Nie chodzi nawet o sam Covid-19 czy 22! Wiadomo, że kwestie medyczne nie mają z tym nic wspólnego. Chodzi o to, że być może oczekujesz zakończenia „pandemii”, „szczepień”, segregacji sanitarnej i całego tego syfu, a NADAL robisz to samo? Właśnie dlatego, to się nie zakończy NIGDY! Bardziej optymistycznie, może kiedyś… O ile TWOJE dzieci nie zostaną niewolnikami, bo patrzą na Ciebie i będą pokornie naśladowały starszych. Czy dostrzegasz ten absurd?! Słychać czasem takie, wydawałoby się, logiczne tłumaczenia: „No, bo przecież nie mogę walczyć z jakimś urzędasem, skoro brakuje mi czasu.” „Mam nie odwiedzić w szpitalu chorej matki, z powodu braku maseczki?” „Powinnam odpuścić wizytę u lekarza, na którą czekałam pół roku?”
Brzmi dobrze? Wiarygodnie? To prawda, że tak wygląda codzienność. Czyżby? A ILE RAZY spróbowałeś, czy spróbowałaś powiedzieć WYSTARCZY! Wydrukować „gotowca” ze strony Grzegorza Płaczka, czy innego miejsca w sieci, gdzie prawnicy przygotowali stosowny dokument? Poprosić, żeby bandyci podpisali, że odmawiają świadczenia, albo że nie wpuszczą Cię na oddział, Z POWODU BRAKU MASKI? Wiem, co piszę, bo kilka razy walczyłem z tym szaleństwem. Fakt, że raz zostałem pokonany i nie wpuszczony na umówione badanie. To są koszty. Być może zdrowotne, innym razem finansowe, czy emocjonalne. Czasem odbiją się na Tobie, innym razem na kimś bliskim. To trudne. Ale jak inaczej wyobrażasz sobie, że wygramy z Systemem? Nie musisz się od razu bić z policją, która zresztą też ma już po dziurki w nosie tych idiotyzmów. Zresztą, sto wyroków po 24 października 2020, pokazuje KTO MIAŁ RACJĘ! Teraz jeszcze zapłacą odszkodowania. Z WŁASNIEJ KIESZENI… Czy więc tak trudno jest zadać pytanie, być może nagrać jakąś odmowę telefonem komórkowym, albo złożyć pismo? Naprawdę, to aż tak wiele? Jeżeli trzeba będzie walczyć w sądzie, zostaniesz skazany! NA WYGRANĄ! Nie ma wyroku, który by się utrzymał w drugiej instancji, w żadnej z podobnych spraw. Oni też doskonale wiedzą, że TO JEST BEZPRAWIE. Tyle, że testują, jak długo wytrzymamy i jak daleko można się posunąć. Kiedy powiemy zdecydowane NIE, opresja się skończy. Podobnie, jak przepadła ustawa Hoca, „bezkarność plus” i kilka innych bandyckich pomysłów. Problem jest tylko jeden. Wciąż ten sam. Ty również musisz zdjąć kaganiec i powiedzieć DOŚĆ!

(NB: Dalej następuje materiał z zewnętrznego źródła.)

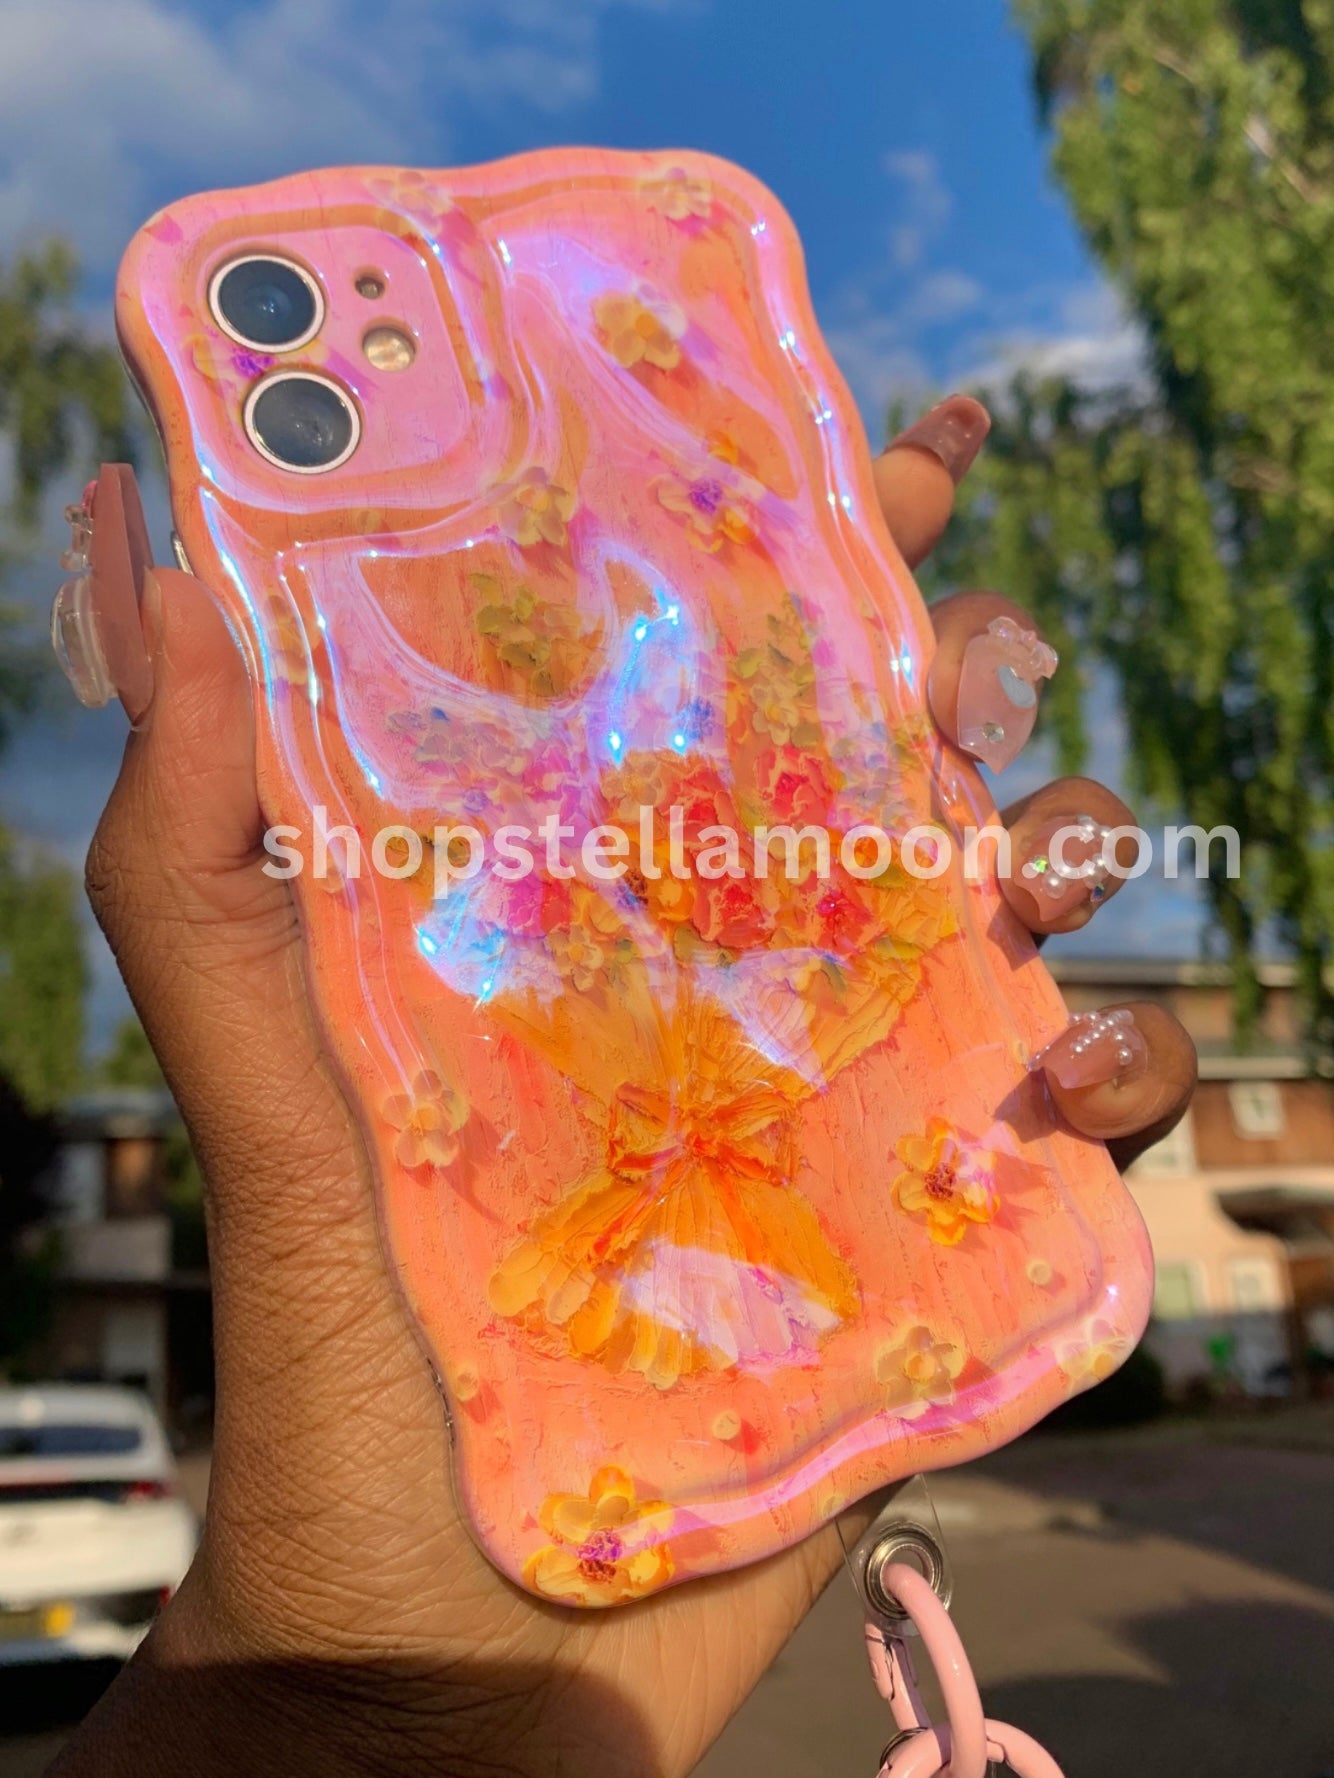 PINK DELIGHT IPHONE CASE ($27)

Krótkie przypomnienie, jak „świetnie” działały te dodatki do garderoby…
Pisałem o tym, że w Centrum Legislacji złożony został kolejny projekt bezprawnego rozporządzenia. Omówienie znajdziesz tutaj. Będą chcieli wysyłać Cię na badania i kwarantanny, tylko że już bez możliwości „wymiksowania się” z tego w sposób prosty. Dopisali do listy kilka chorób, jak małpia ospa, czy covid. Dodadzą za chwilę kolejne. Wszak Bill Gates, „naczelny wirusolog świata”, pokazał na stronie GAVI kilkanaście patogenów, które mogą nam w najbliższym czasie zagrozić. A skoro mogą, to ZAGROŻĄ! Znamy to doskonale. Event 201 pokazał w całej rozciągłości, jak bandyci realizują przećwiczone warianty.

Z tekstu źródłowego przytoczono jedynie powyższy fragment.